Once they were back on the boat, everyone who'd been in the water threw up copious amounts of it. When there was none left in their stomachs, they dry heaved. Anthony was in the worst shape, breaking out in hives and plagued by a throbbing headache. Femi ran back and forth between Anthony and the side of the boat, dipping a cup in the water and then pouring it on Anthony's arms and legs to help soothe the itchiness.

“Sorry,” Ayodele said. Adaora didn't think she meant it at all, but she was too weak to tell her so.

“Is it the water?” Femi asked. “I mean, I'm fine, and so are the president, Bamidele, and Chucks. None of us were in there.”

“Yes, I think it is.”

Adaora felt her stomach lurch again. “What have you people done to it?”

“Nothing that didn't want to be done.”

Done by whom?
Adaora thought. She knew the answer. The sea creatures.
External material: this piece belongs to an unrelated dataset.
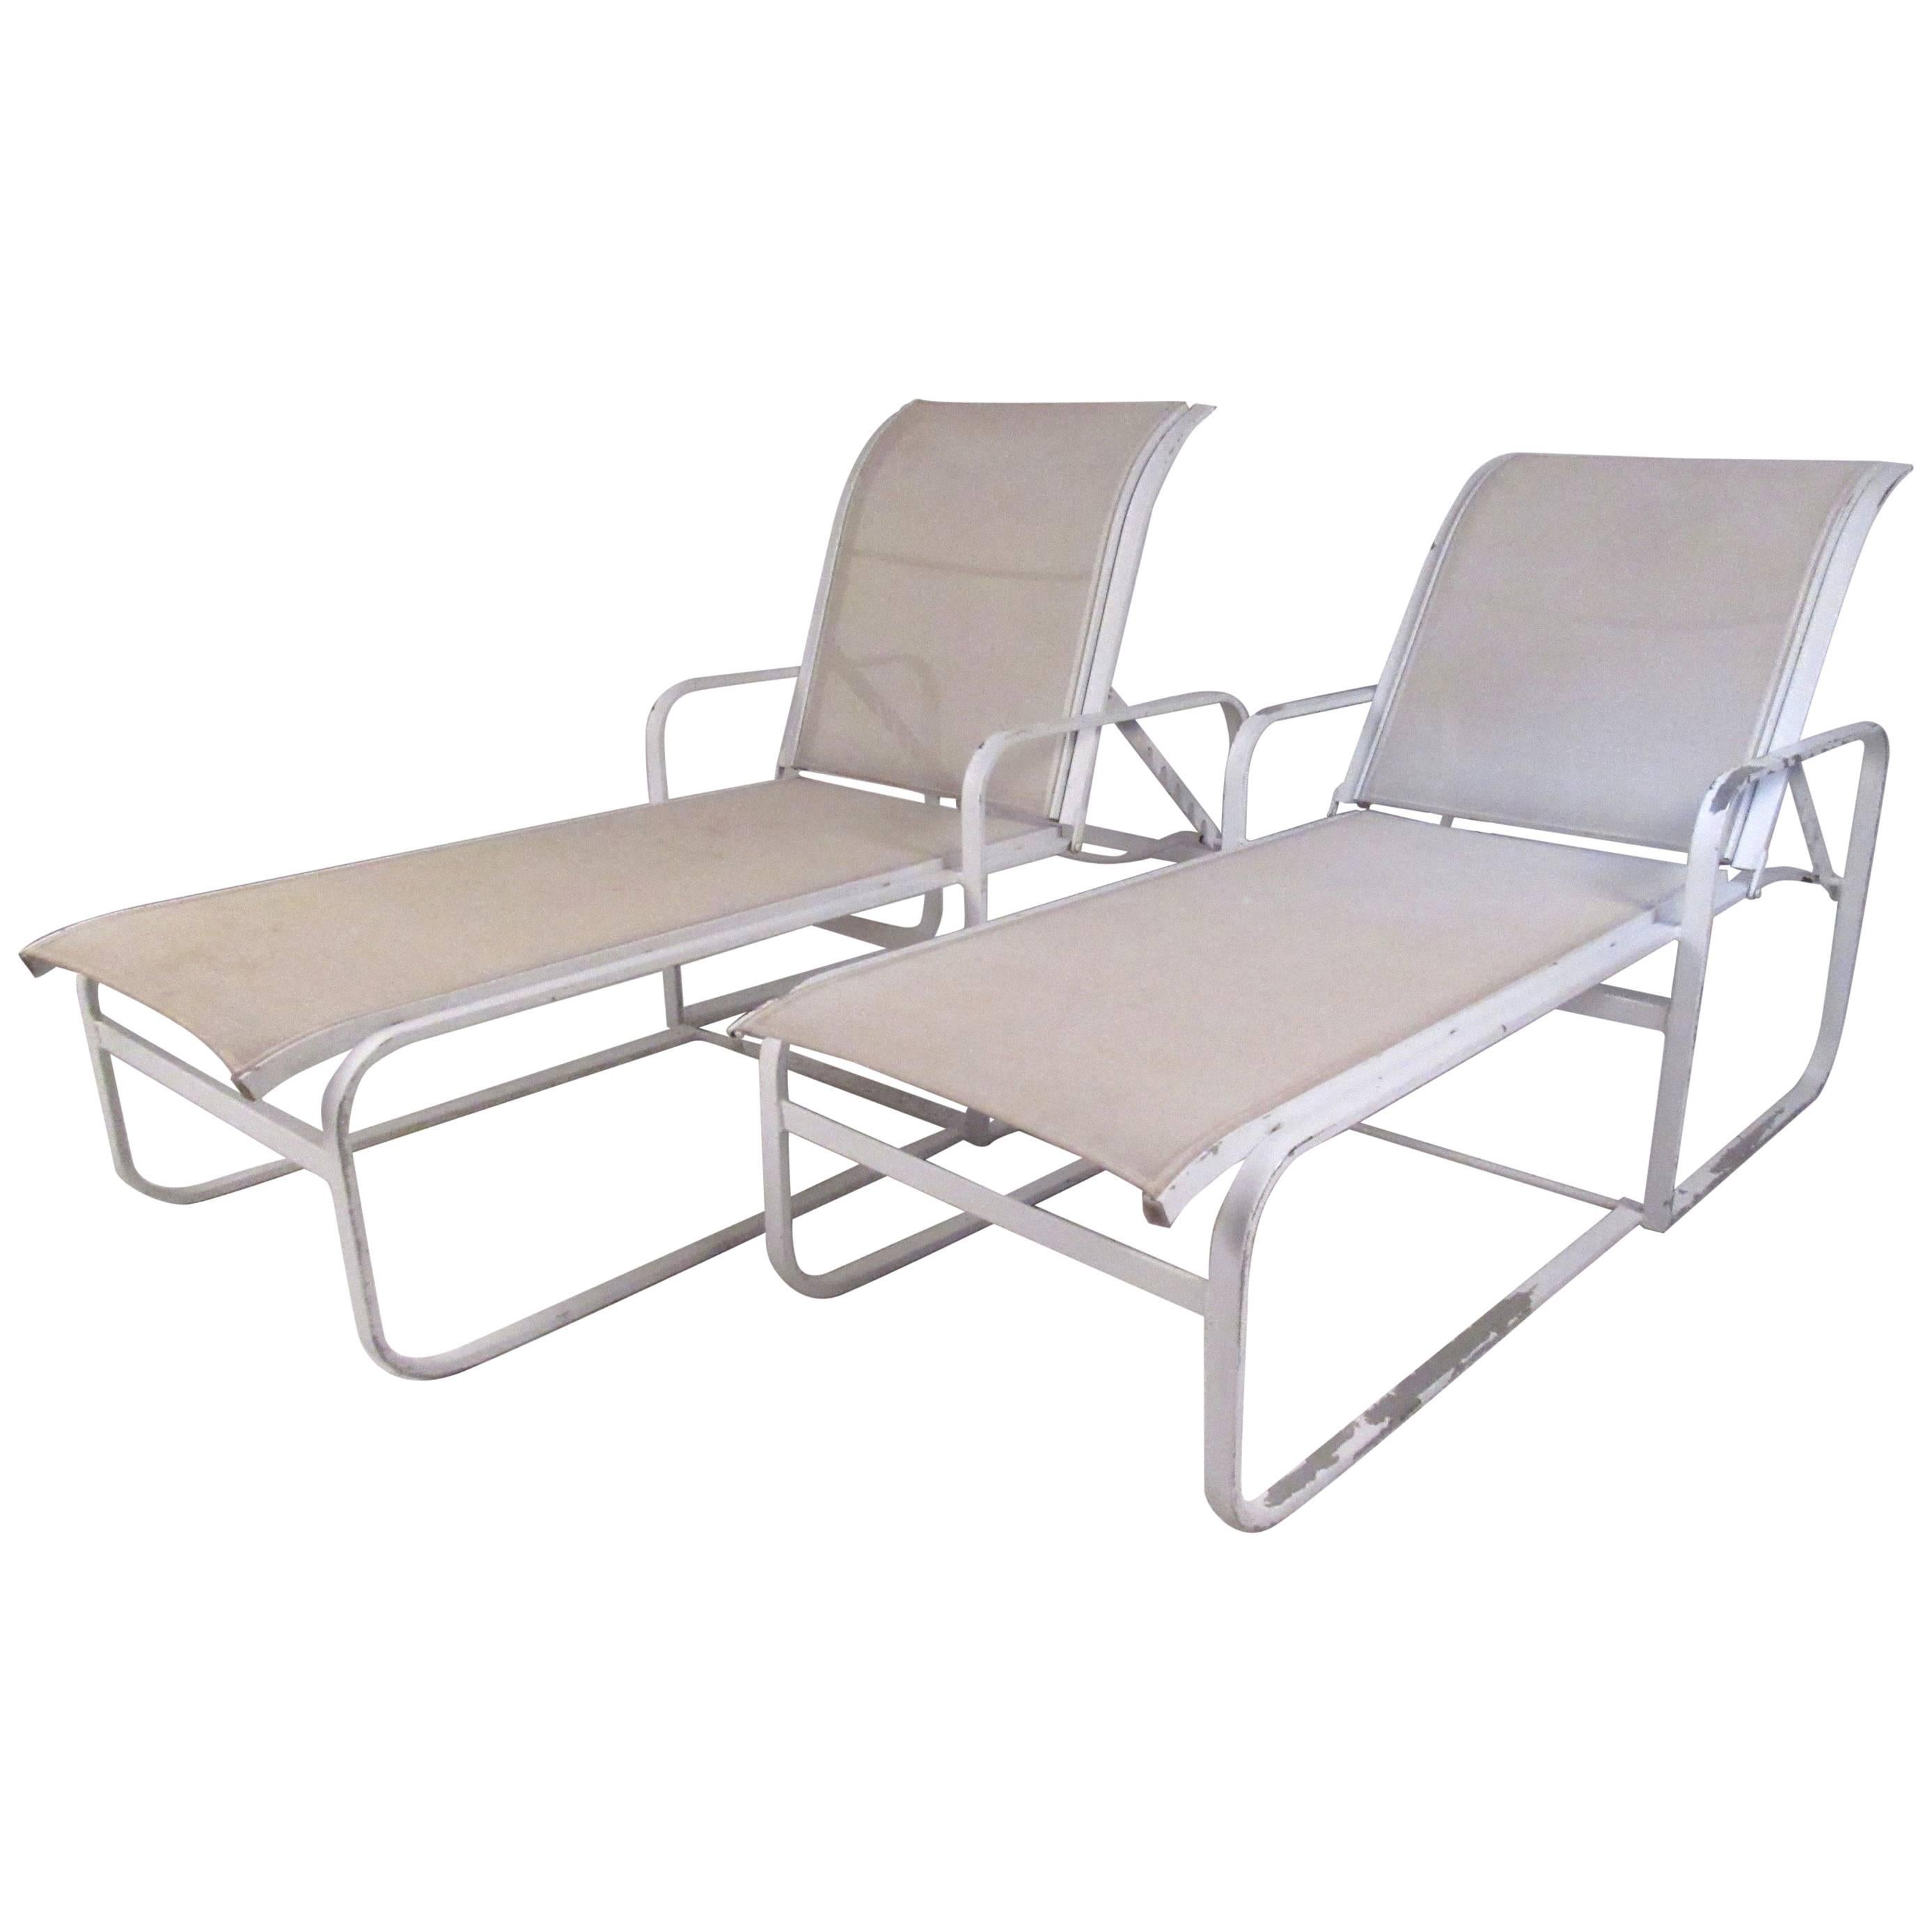 Pair of Woodard Patio Recliner Chaise Lounge Chairs

They wanted the water to be “clean.” “Clean” for sea life . . . which meant toxic for modern, civilized, meat-eating, clean-water-drinking human beings.
Shit,
she thought.
I'm going to die
out here.

Adaora didn't know how much time passed. All she knew was that when she next opened her eyes, the sun was somewhere else in the sky and the boat had stopped. She sat up. She felt a little better but she'd broken out in the same rash that Anthony had and her
head pounded miserably. Anthony was lying on the boat's floor, Agu and Femi beside him.
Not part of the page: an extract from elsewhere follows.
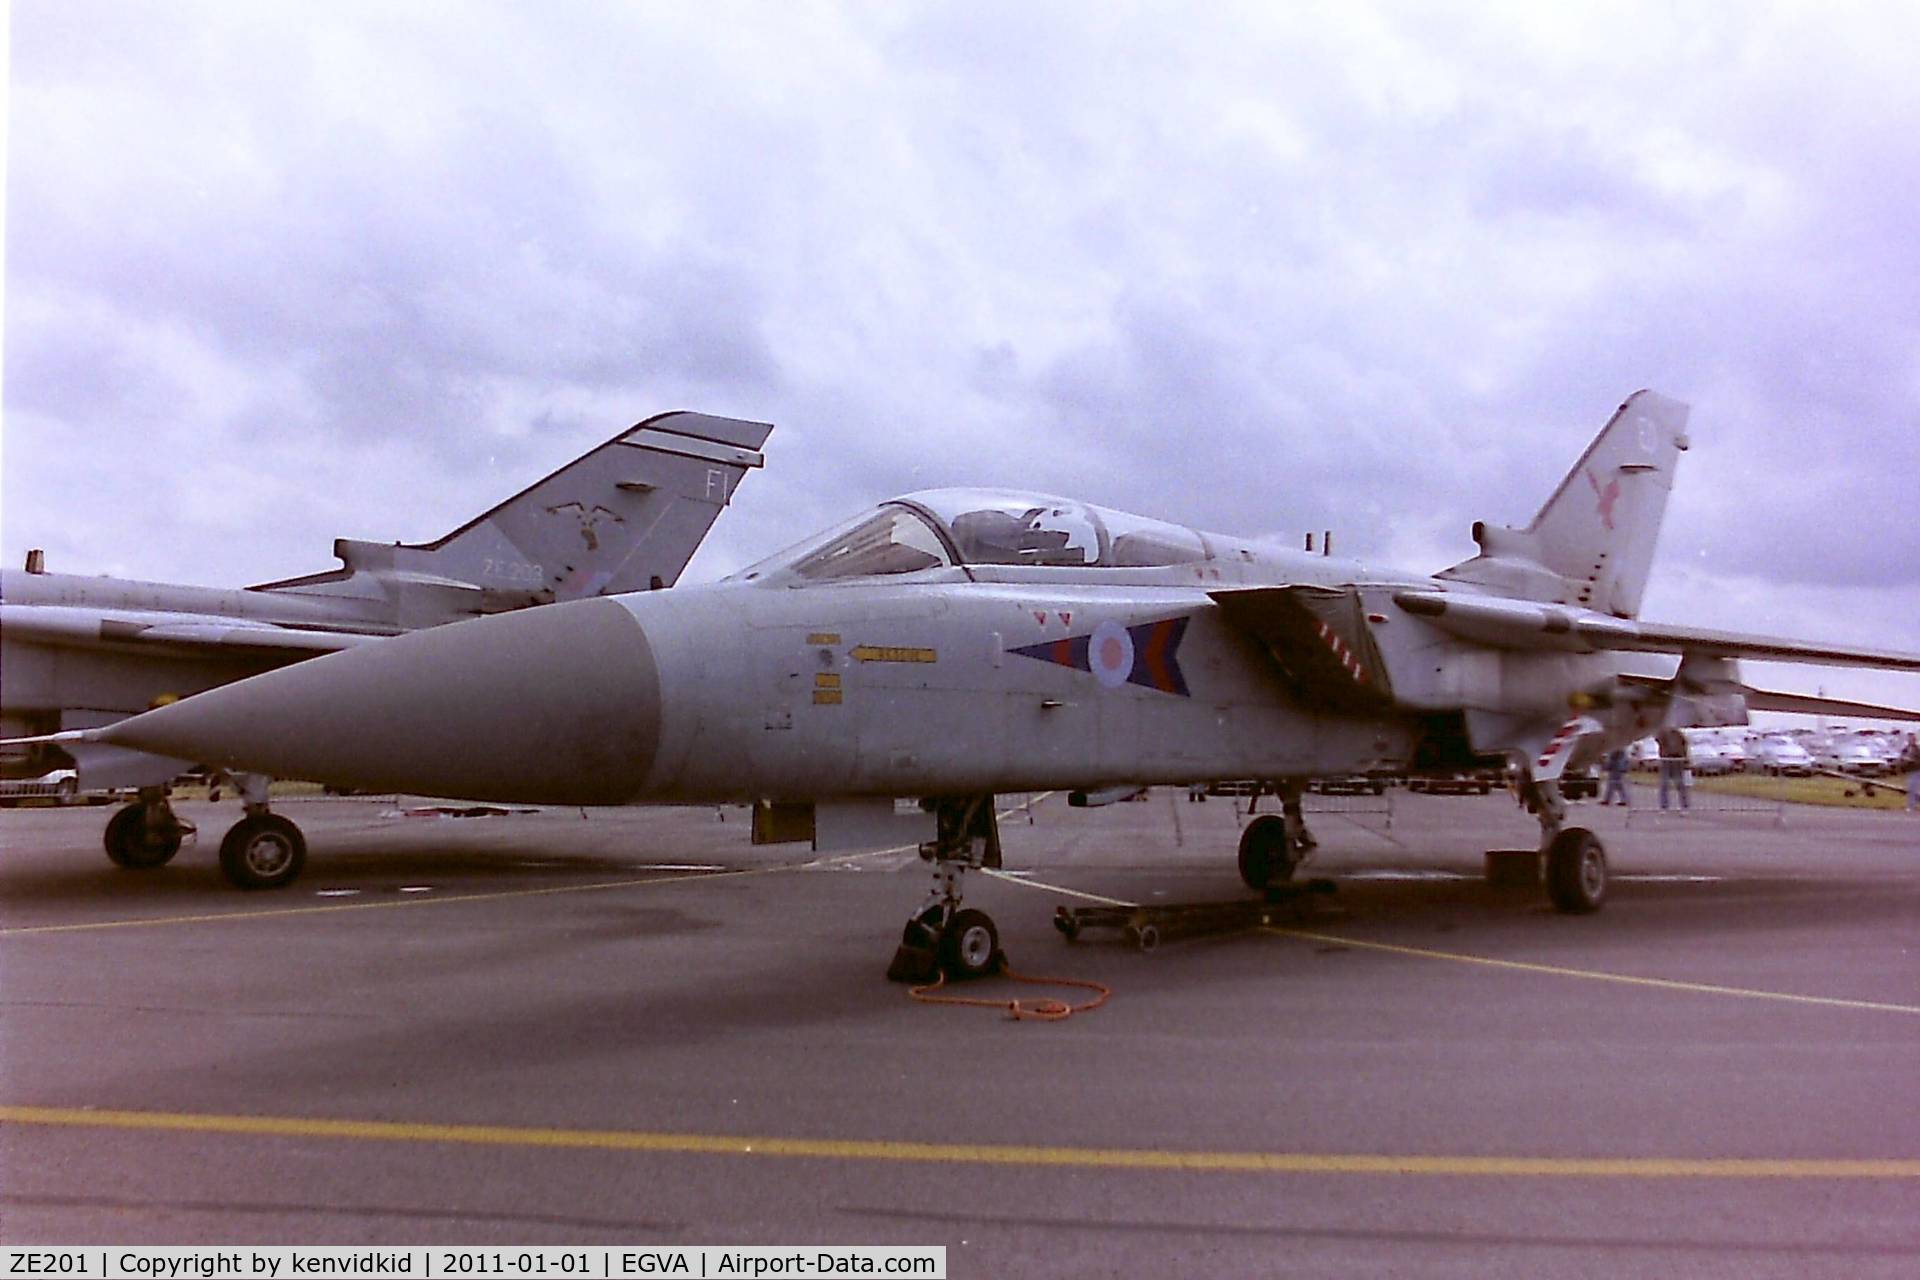 ZE201, 1986 Panavia Tornado F.3 C/N AS022/559/2039, At RIAT 1993, scanned from negative.

“Is he all right?” she whispered.

“He's still breathing, but he won't open his eyes,” Femi said. He got up and walked past Adaora.

“Agu?”

“Yes, Adaora,” he said.

“Are you—”

Splash!

Adaora was looking at Agu's face. He was looking behind her, at the others at the far end of the boat. At the sound of the splash, his jaw dropped. She felt her heart sink. The president, Hawra, Ayodele, the guards. She didn't want to turn around and see what had happened to them. She'd had enough.

“Wait,” Agu said, getting up. He stumbled, grabbing hold of one of the seats. He started moving to the other side of the boat. “Wait!”

Adaora turned around. At first she didn't know what she was seeing. Water? But it was solid. Solid enough for the president to step on, as Adaora had stepped on it. She dragged herself up.

“Wait a minute!” she said. She nearly fell to the floor as the world swam around her. Her belly cramped and she dropped to one knee. Agu was on the floor a few feet away. “Do . . . What . . . Where are you going?” Adaora whispered.

She fought hard to focus. Ayodele was standing with the president on the water. Femi was still on the boat, snapping photos.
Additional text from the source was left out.